In this episode of MCU Wars, Ritesh Tyagi and Chris Anderson compare two 32-bit microcontrollers—the RX100 from Renesas, and the STM32 from STMicroelectronics. We chose these two devices because of the increasing demand for 32-bit microcontrollers in a variety of industries. Which one reigns supreme?

*Optimized for Low-Power* According to Tyagi, Renesas has been “using a lot of proprietary technology to optimize the RX100 power consumption.” In order to do this, Renesas implemented a 130mm, low-leakage, low-power transistor flash process. “Compared to the RX600 or RX200 where we used their proprietary MONOS technology,” Tyagi explained, “we decided to use a completely different technology for the RX100.” Another differentiating factor is the redesign of the clock circuitry to offer a much faster wake-up. This allows the device to remain low-power in active and standby modes. The voltage regulator was built specifically for this device, offering very low power consumption. “Overall, there are a lot of different techniques and tricks that we employed to achieve a very low power standby current and active mode current,” Tyagi stated.

*The STM32 L1 Toolchain* When asked about the STM32 toolchain, Chris Anderson offered his preferences for ST products. Anderson explained, “ST offered a number of choices with quickstart guides for Embedded Workbench, but I settled on the Kiel Microvision 4.” Anderson stated that the Microvision had a number of example files that had all the source code needed to start tweaking in order to find something close to what he was trying to do. It also has a project manager compiler, an integrated debugger, and an abundance of example projects for dev kits of all the other major ARM vendors.
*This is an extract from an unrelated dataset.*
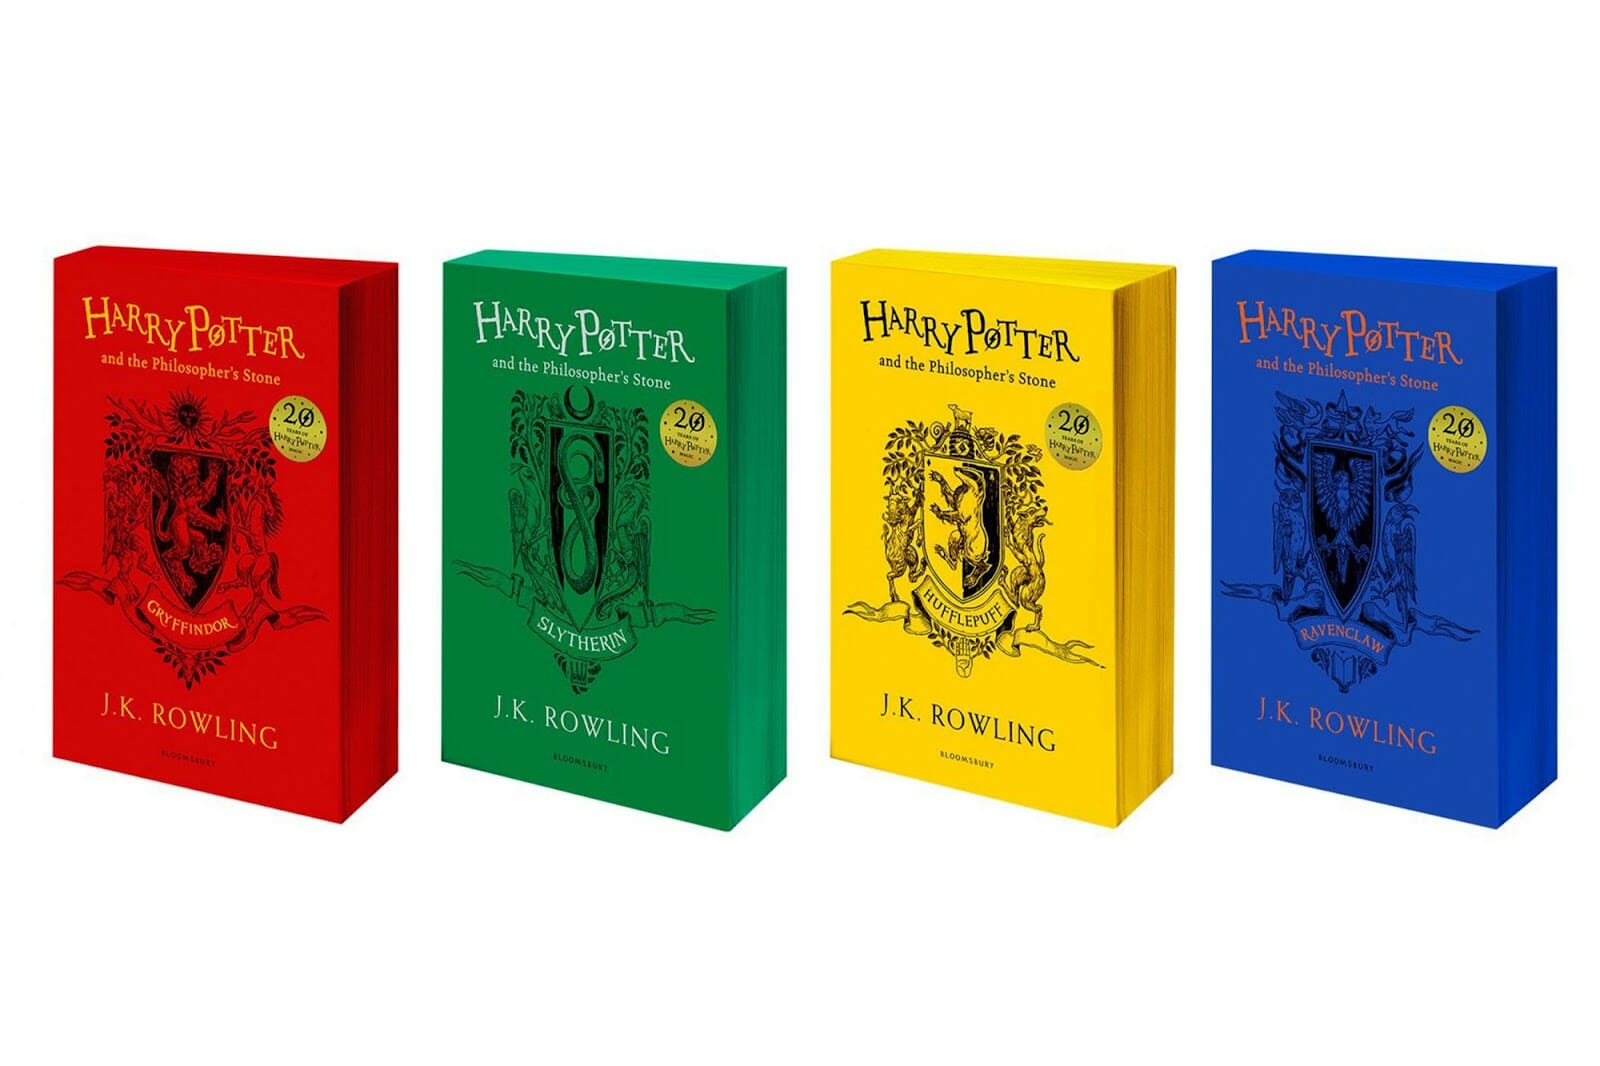 Hogwarts House edition Harry Potter book covers

Getting Started the RX100 For the RX family, Renesas made a big company-wide push to launch the Eclipse- based IDE, called the e 2 studio. The RX100 will have the same toolchain based on the e 2 studio. Underneath that, Renesas offers a compiler as well as a compiler from IR and other third parties. “In fact,” Tyagi explained, “we are doing a pretty big joint promotion with International Rectifier where they start offering a 64K version of an IR workbench absolutely free.” The kit also comes with multiple sample projects and application examples. The board comes with a CD with a compiler and a debugger all within the kit. “I can guarantee,” Tyagi said, “that with the RX kit, you can be up and running within an hour.”

*Editor’s Pick* Overall, the RX100 by Renesas offered significant low-power advantages over the STM32. The RX RDK Development Kit also offered significant features over the ST Discovery Kit, made possible by Renesas’ many partnerships in on-board components.